Le projet d’accueil ne sert pas uniquement à décrire une organisation. Il permet aussi d’expliquer la manière dont les enfants sont accompagnés. Certains choix, comme privilégier le jeu libre, respecter le rythme individuel ou limiter certaines stimulations, peuvent être nouveaux pour les parents.

Sans explication, ces choix peuvent être mal compris. Certains parents peuvent, par exemple, s’inquiéter que leur enfant « ne fasse que jouer » ou se demander s’il bénéficie d’activités suffisantes, simplement parce qu’ils ne connaissent pas le rôle fondamental du jeu libre dans le développement.

Par exemple, préciser que :
« Le jeu libre permet à l’enfant de développer son autonomie, sa concentration et sa confiance.
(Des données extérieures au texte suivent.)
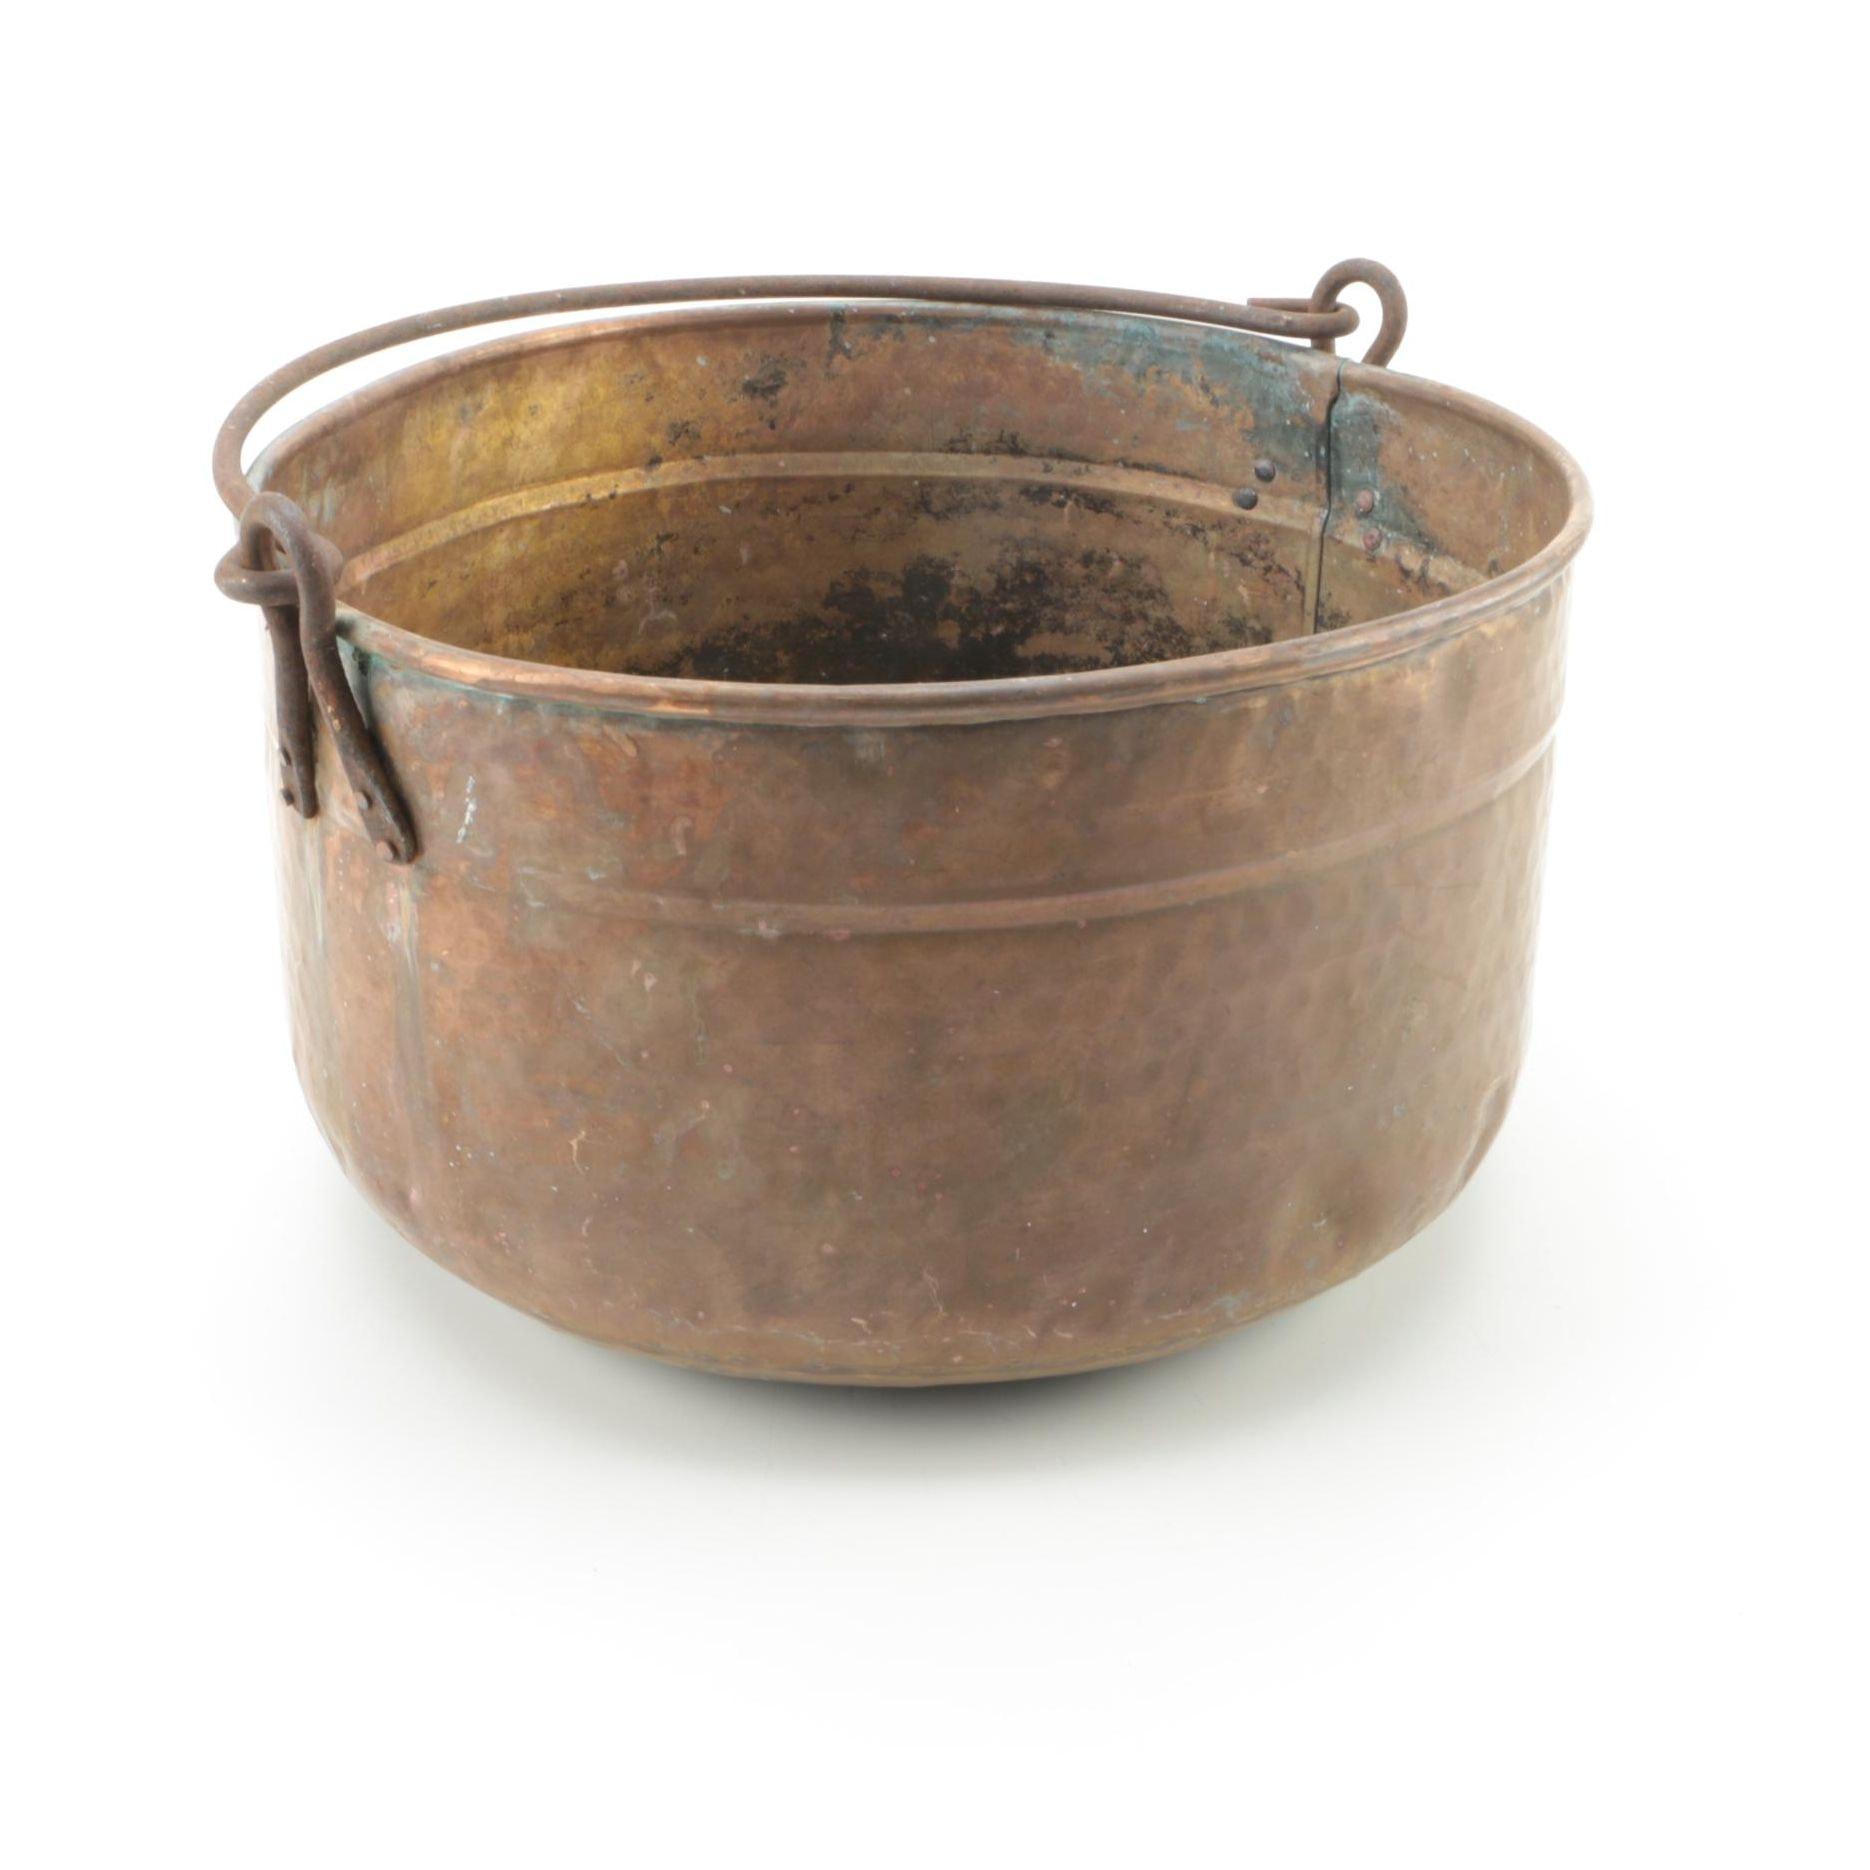 Large Hammered Copper Cauldron

L’adulte reste présent pour accompagner et sécuriser, tout en laissant l’enfant explorer à son rythme. »

Ces explications permettent aux parents de mieux comprendre le sens de l’accompagnement proposé. C’est l’une des erreurs les plus fréquentes : lorsque les choix ne sont pas expliqués, les parents peuvent interpréter certaines situations à travers leurs propres repères, ce qui peut créer des incompréhensions évitables.

Expliquer ses choix, c’est montrer que l’accueil repose sur des connaissances réelles et une pratique réfléchie, construites avec l’expérience. Cette démarche renforce la confiance et valorise pleinement le rôle professionnel de l’assistante maternelle.

6. Ne pas faire évoluer son projet d’accueil avec l’expérience

Le projet d’accueil est souvent rédigé au début de l’activité, puis peu modifié par la suite. Pourtant, la pratique évolue avec l’expérience, les observations et les formations. L’organisation de la journée, l’aménagement de l’espace ou la manière d’accompagner les enfants peuvent évoluer naturellement.

Relire son projet d’accueil permet de vérifier qu’il correspond toujours à la réalité du quotidien. Cette relecture peut être particulièrement utile lors d’un nouveau contrat, d’un changement dans l’organisation, après une formation ou simplement avec l’évolution de l’expérience professionnelle. C’est aussi l’occasion d’ajuster certains éléments et de valoriser son évolution professionnelle.

Pour aller plus loin :

Vous pouvez télécharger gratuitement ma trame de projet d’accueil d’assistante maternelle en PDF, avec une structure claire pour rédiger un document professionnel et cohérent.

*Le Grand Guide de l’Assistante Maternelle – de l’agrément au quotidien, conçu pour accompagner les assistantes maternelles dans la structuration concrète de leur pratique professionnelle.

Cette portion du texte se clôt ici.